The source also said Fuentes is helping advise Ye in his second presidential campaign. The rapper has said the campaign would be managed by Milo Yiannopoulos, a far-right provocateur and former Breitbart editor who was banned in 2016 for inciting a racist campaign against comedian Leslie Jones.

Ye, Fuentes and Yiannopoulos declined to comment on the dinner.

Details about the dinner began to emerge on Twitter Wednesday when a Politico reporter tweeted that Ye and Fuentes had been spotted at Mar-a-Lago. The conservative website Timcast confirmed Fuentes's presence at the dinner, followed by Axios.

The porous nature of Mar-a-Lago, where anyone with connections can run into Trump, has long been a concern of his advisers. It's also helped land Trump in the sights of a federal investigation after the FBI in August executed a search warrant at the club in search of documents marked classified that the federal government says Trump should not have possessed.

Trump's statement on Truth Social did not disavow anti-Semitism or racism, but his campaign in a follow-up message pointed to Trump's support of Israel, the Abraham Accords Middle East peace deal his administration reached and his opposition to anti-Semitism in Iran.

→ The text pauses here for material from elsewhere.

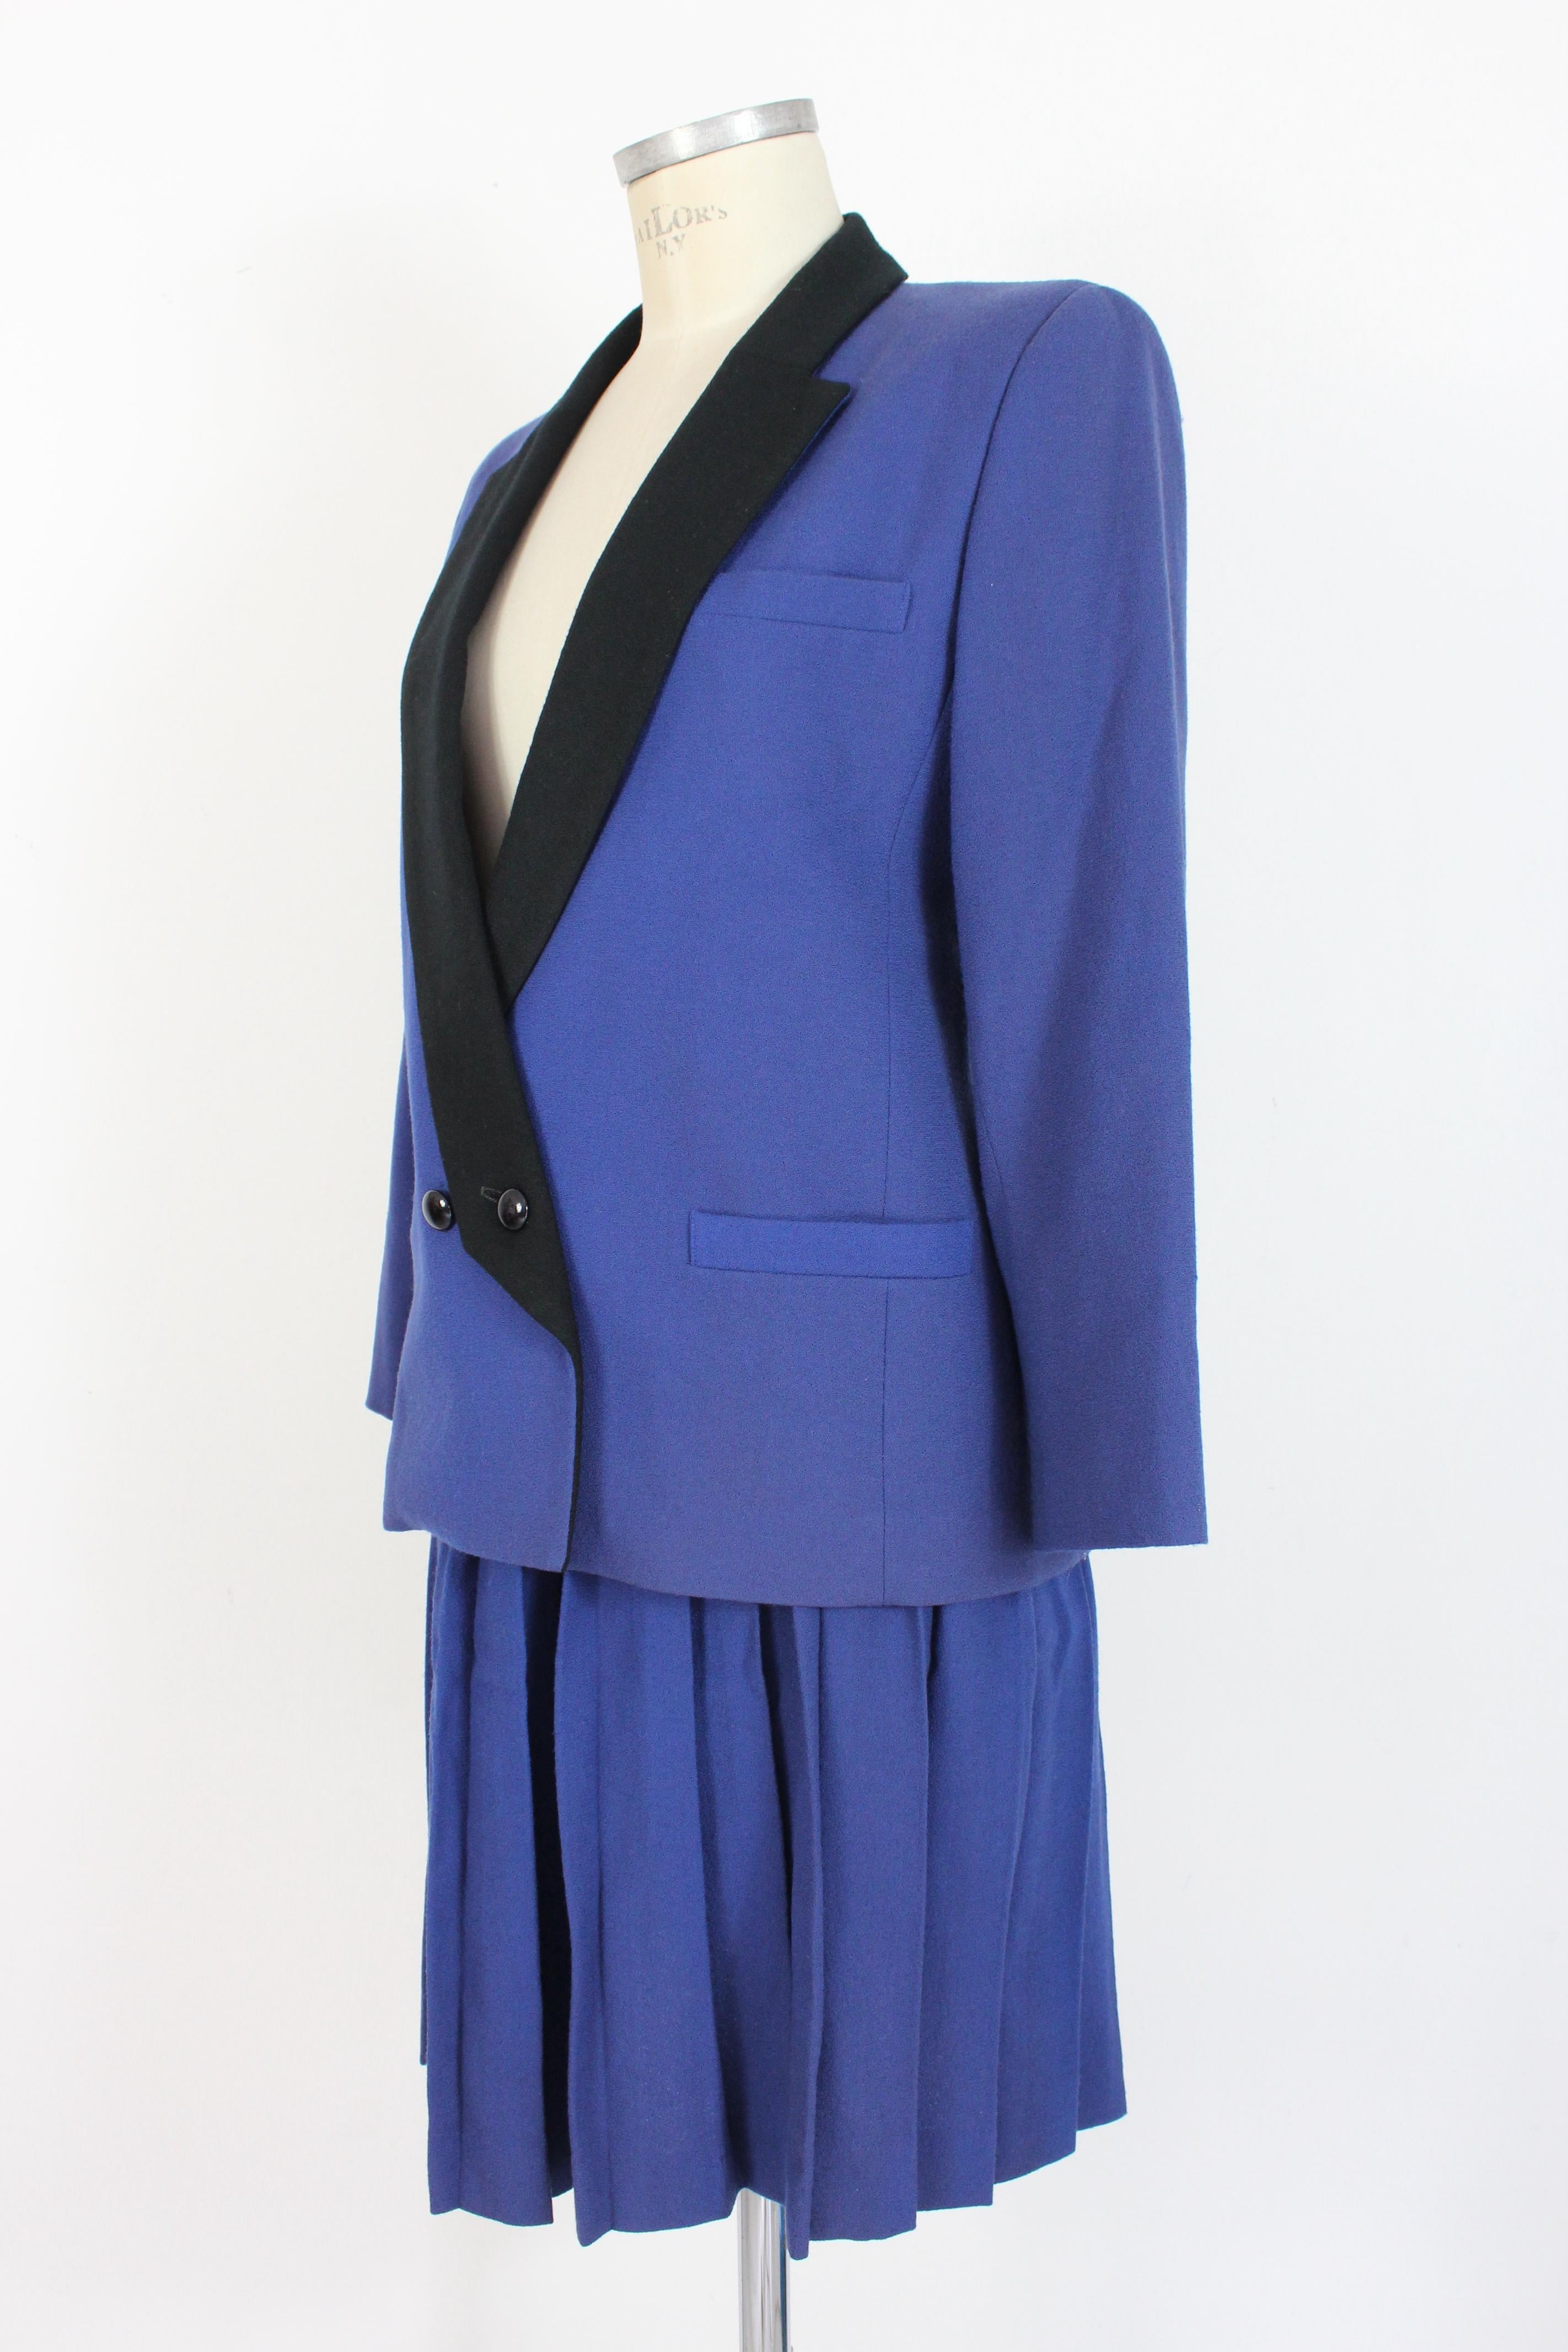 Women's Oleg Cassini Blue Black Wool Pleated Evening Suit Skirt

But Trump has also embraced anti-Semitic tropes and figures, implying that American Jews have dual loyalty to Israel and saying that there were "very fine people on both sides" at the white supremacist "Unite the Right" rally in Charlottesville, Va. in 2017. Fuentes attended that event and, after Trump said he denounced white supremacy at the rally, Fuentes denounced him for that.

In his video debrief, Ye said that "Trump is really impressed with Nick Fuentes. Nick Fuentes - unlike so many of the lawyers and so many people that he was left with on his 2020 campaign - he's actually a loyalist [for Trump]."

The source independent of Trump's campaign said Trump had planned to dine privately with Ye at Mar-a-Lago's library but he then said they should eat outside on the public patio. The former president also invited the others along.

The subject of racism and anti-Semitism didn't come up and Fuentes "presented as statistician. He was very knowledgeable of polls and Trump's campaign. Trump was very impressed but Trump didn't know who he was," the source said.

Trump asked Fuentes about his 2024 announcement speech the week before and Fuentes criticized Trump for being too "teleprompter" scripted and having low energy, the source said. Fuentes and West, the source added, also said Trump should have issued a blanket pardon for everyone involved in the Capitol riot on Jan. 6, 2021, which Ye's video debrief also mentioned.

Trump also mentioned his adviser, Jason Miller, to Fuentes, who criticized the veteran operative for now running the social media site Gettr, which has banned Fuentes, according to a copy of a group text message exchange that Ye posted to Twitter Thursday.

Trump's Truth Social platform, however, has verified Fuentes as a notable user.

At a certain point, the conversation turned tense and Trump began making his critical remarks about Ye's ex, Kardashian. "That's the mother of my children," Ye protested, according to his video debrief.

Trump then grew animated about Ye challenging him. "You're not going to win. You can't beat me," Trump told Ye, the source said. "Nick, you work for the guy, and just because you work for him, you're going to tell him he can beat me? You just got finished telling me I was the best president ever."

Ye said in his video debrief that Trump was angry.

"When Trump started basically screaming at me at the table telling me I was going to lose, I mean, has that ever worked for anyone in history?" the rapper said. "I'm like hold on, hold on, hold on, hold on, hold on, Trump. You're talkin' to Ye."